As it turns out this is the kind of thing the language isn’t suited for – most practical roads lead to aws s3 and adding imagemagick to your dockerfile. For production that is exactly what I did, but I kept wondering what was the “best” solution?

I stumbled upon reading about discord’s SortedSet and so began my journey to challenge myself by learning (async) rust, rustler, some systems concepts and tinkering with extending and interfacing with BEAM internals.

Time flies by, off and on whenever I’d get bored in my free time I’d incrementally built out small parts of the library that does image processing – but I never finished it…until now.

What was the outcome?

It was/is a bad idea:

Typical compression ratios (based on the benchmark suite) are about 1.5-1.7x for plain text, about 2-4x for HTML, and of course 1.0x for JPEGs, PNGs and other already-compressed data.

As it turns out popular binary formats like .png, .jpeg and vectorized formats like .svg are fairly optimized. Who knew? not me. I felt really dumb reading that.

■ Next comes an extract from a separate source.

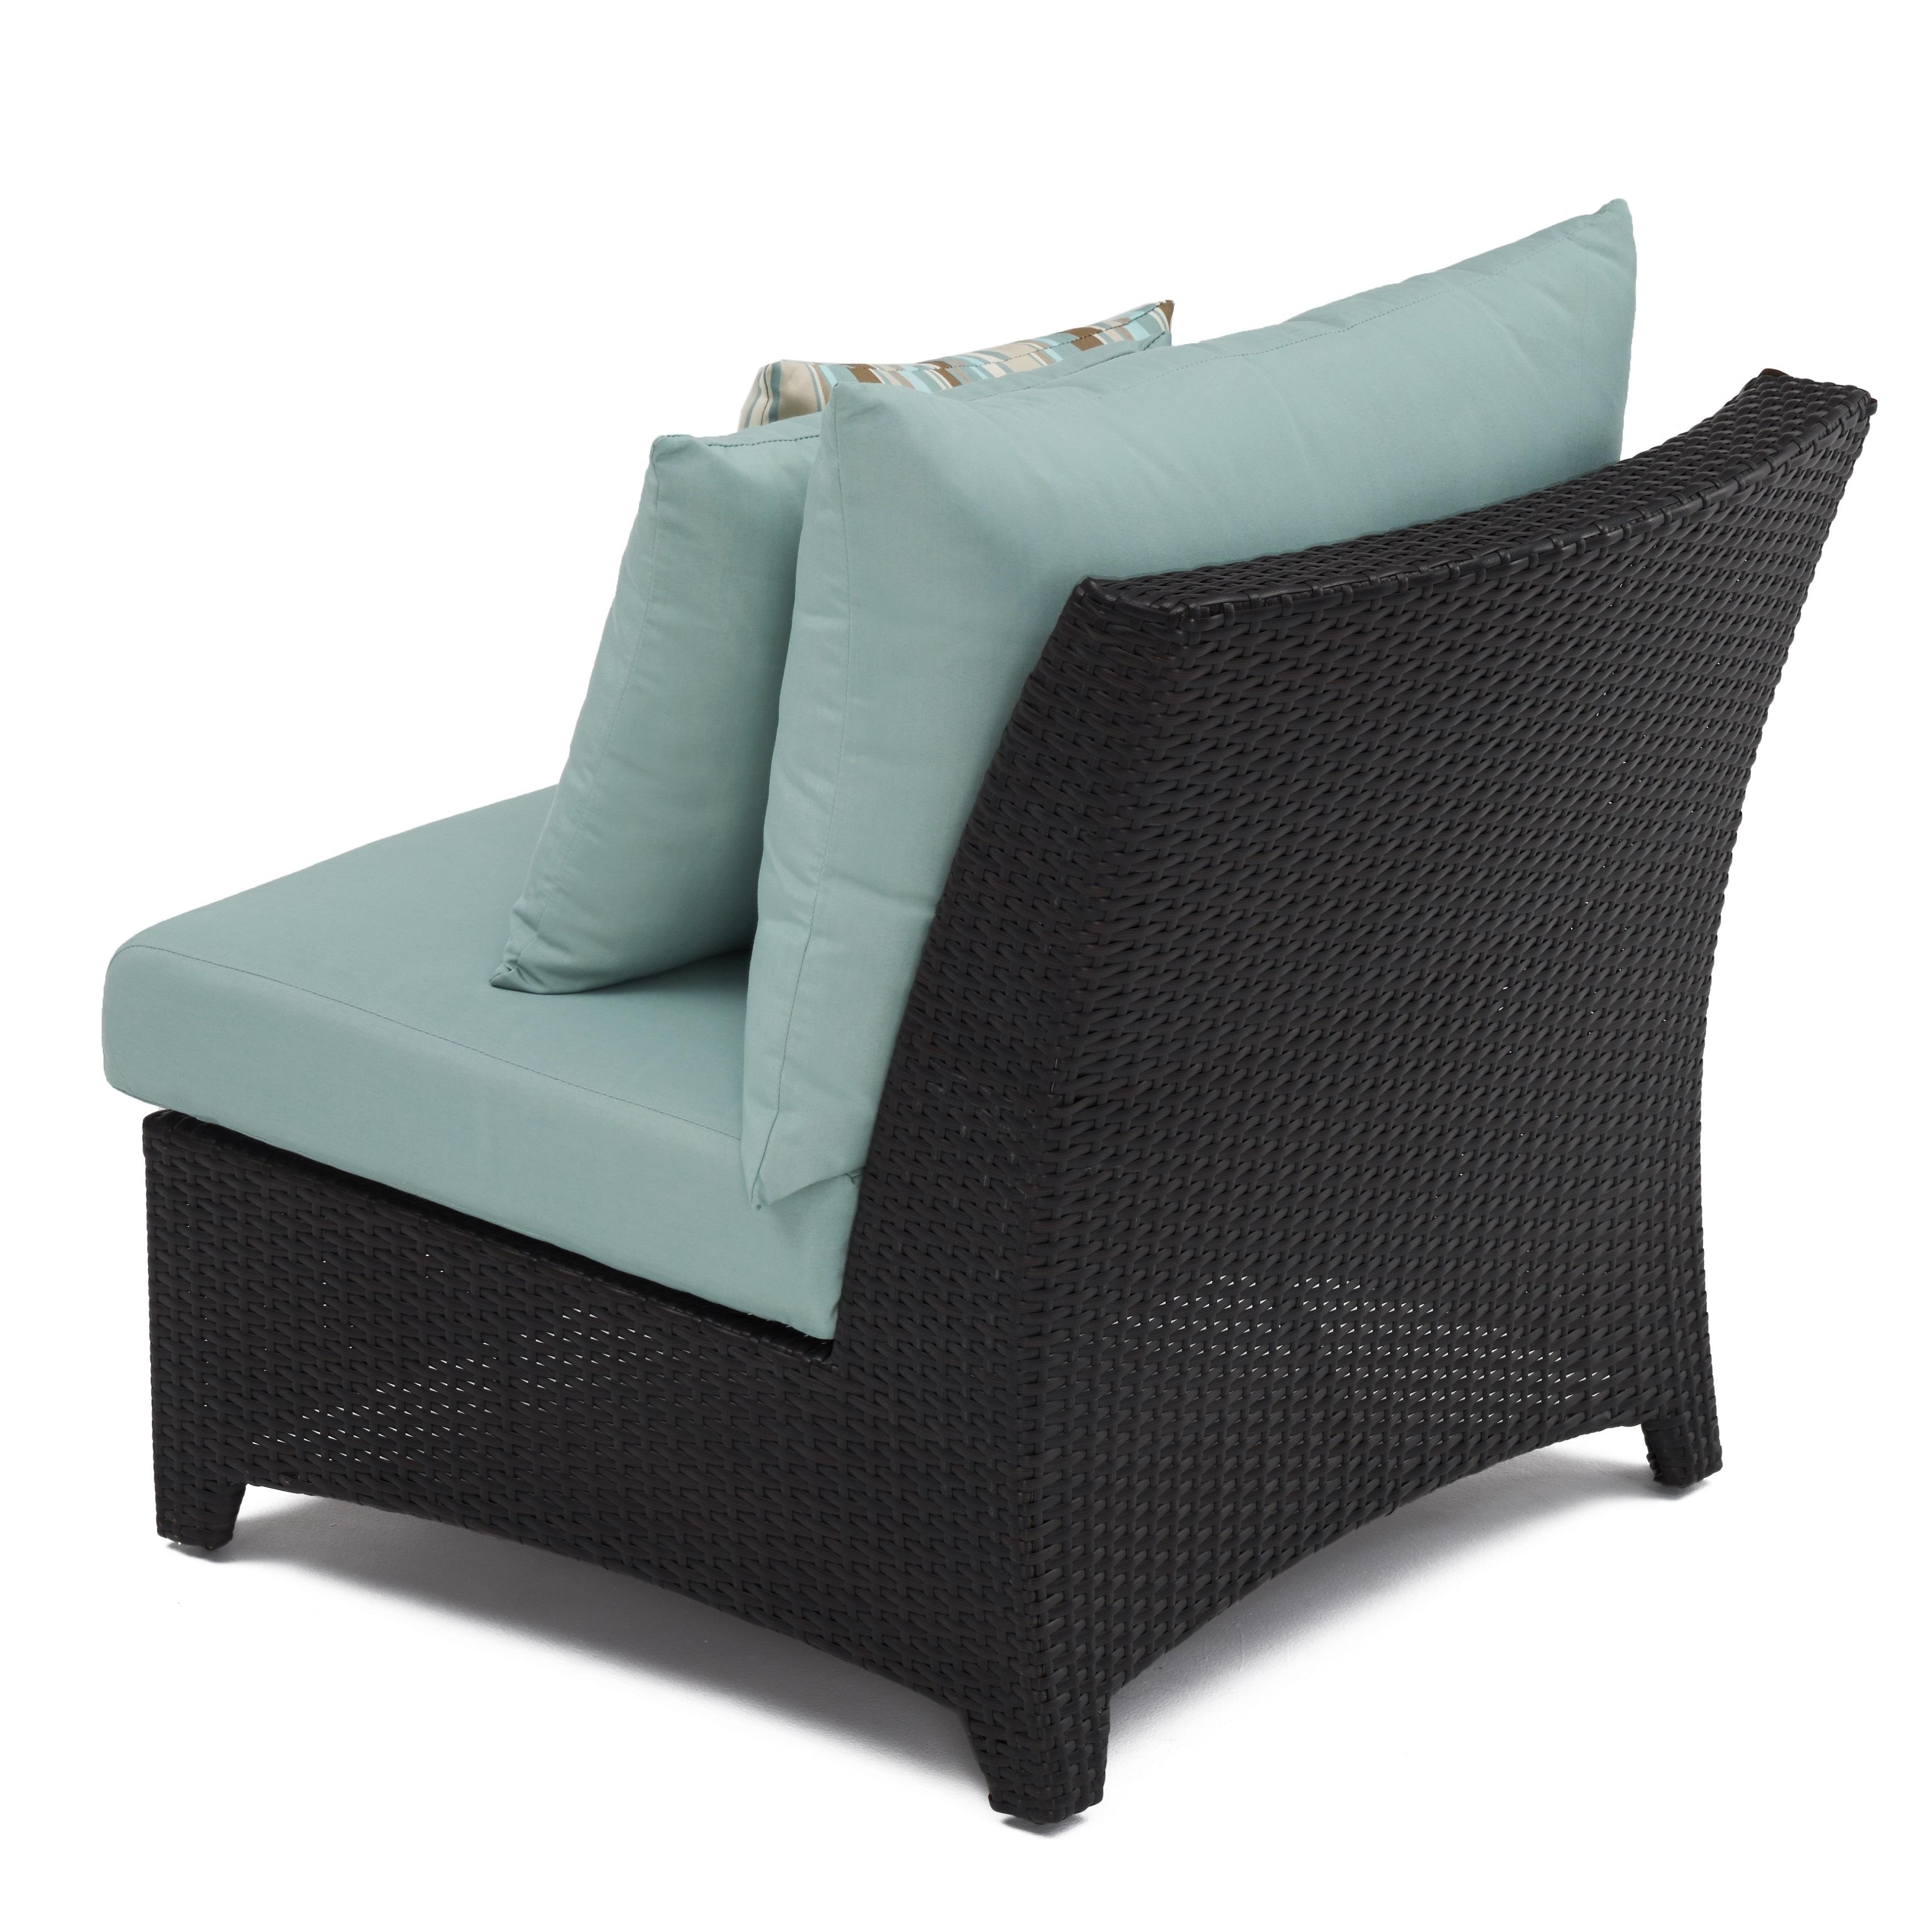 Bliss 6 Piece Corner Sectional Sofa

If you’d like to learn how to do it anyway read on!

Boring High Level Concepts

One approach to using programs written in other languages is opening a Port, mogrify an elixir ImageMagick wrapper for example leverages System.cmd, which uses a unix pipe to communicate with the ImageMagick binary via streams of bytes in a different OS process. There are other high level libraries that make this a viable practical approach.

Or to use a similar mechanism and implement the functionality yourself plugging into the VM, known as “linked-in drivers” or as a “hidden node” via a network pipe such as a TCP socket, the advantage of doing this is you get fault tolerant mechanisms like supervisors. The second node can be in go, rust or elixir itself. The job scheduler Oban has a way to send workers over to other servers too if you don’t wanna manage the networking yourself or want a db intermediary. You can mix and match. This is a good overview of the solution space.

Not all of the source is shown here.